Wonka felt a knot in his stomach. Hadn't he ordered them not to play the songs if the demise didn't occur? Why... No, actually, he hadn't. Because he had been so sure these four kids were all doomed.
That we've ever learned
The Most important thing we've learned
As far as children are concerned
Wonka snatched the remote from the Oompa-Loompa's hands and clicked upward, turning it back to the toy robots.
Is never even let them near, a television set
Or better yet just don't install the idiotic thing at all
Mike's eyebrows rose in anger at the lyrics. Wonka clicked another button. It was a black and white image, and somebody was walking into a shower. But Mike had seen Psycho enough times to know this was not from the film.

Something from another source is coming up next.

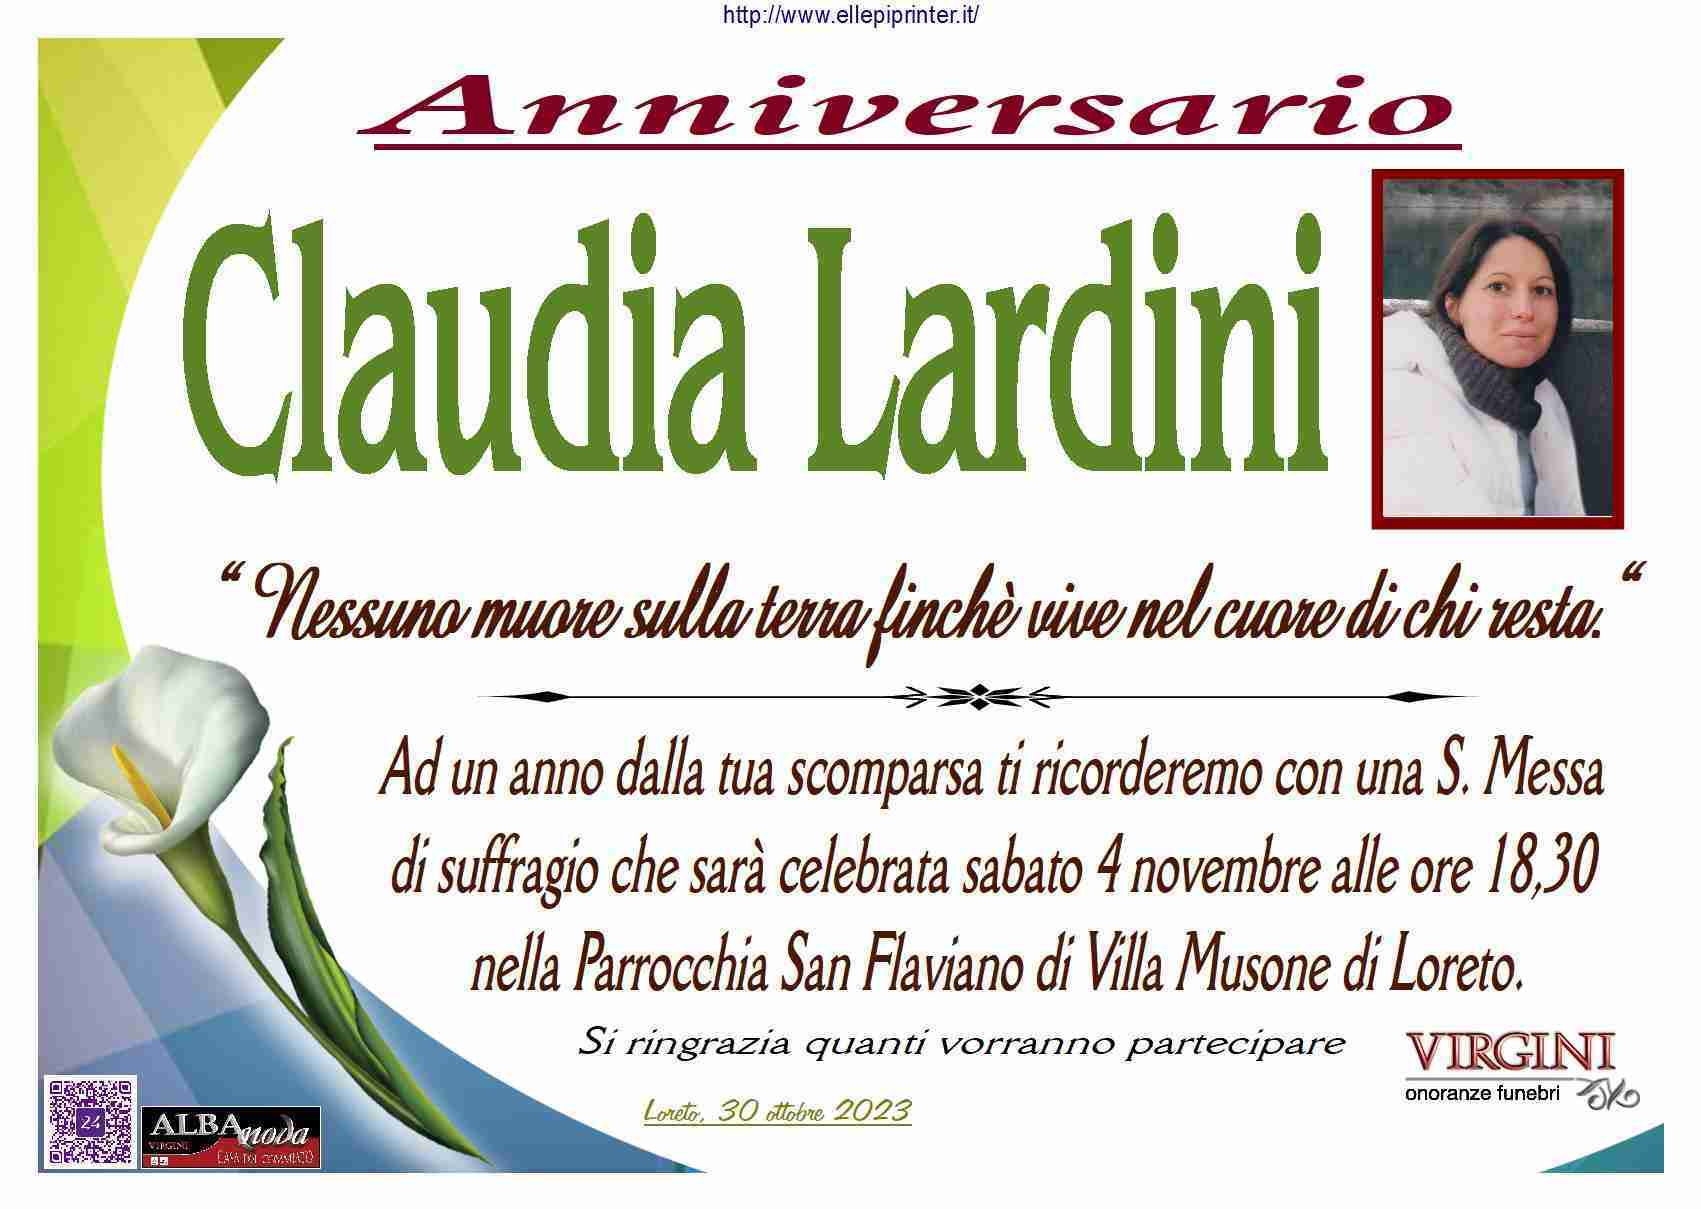 Claudia Lardini

Wonka clicked another button, then gave a nervous chuckle. "He, he, the crazy things on TV these days."
A Oompa-Loompa rock band appeared on the screen and began playing some notes.
It rots the senses in the head,
It keeps imagination dead!
It clogs and clutters up the mind!
It makes a child so dull and blind!
"What?" Mike shouted in anger, but he didn't bother to turn to see Wonka's reaction, too transfixed by the performance.
He can no longer understand, A fairy tale, a fairyland
His brain becomes as soft as cheese!
His thinking powers rust and freeze!
He cannot think, he only sees!
The Ooompa-Loompa drummer hit threw his drumsticks in the air and a powerful note broke out as the scene slowed. Then, confetti surrounded a yellow and purple sky and showed four Oompa-Loompa musicians that reminded Mike of the Beatles.
Regarding little Mike Teavee
Mike was taken aback. Why is my name in this song?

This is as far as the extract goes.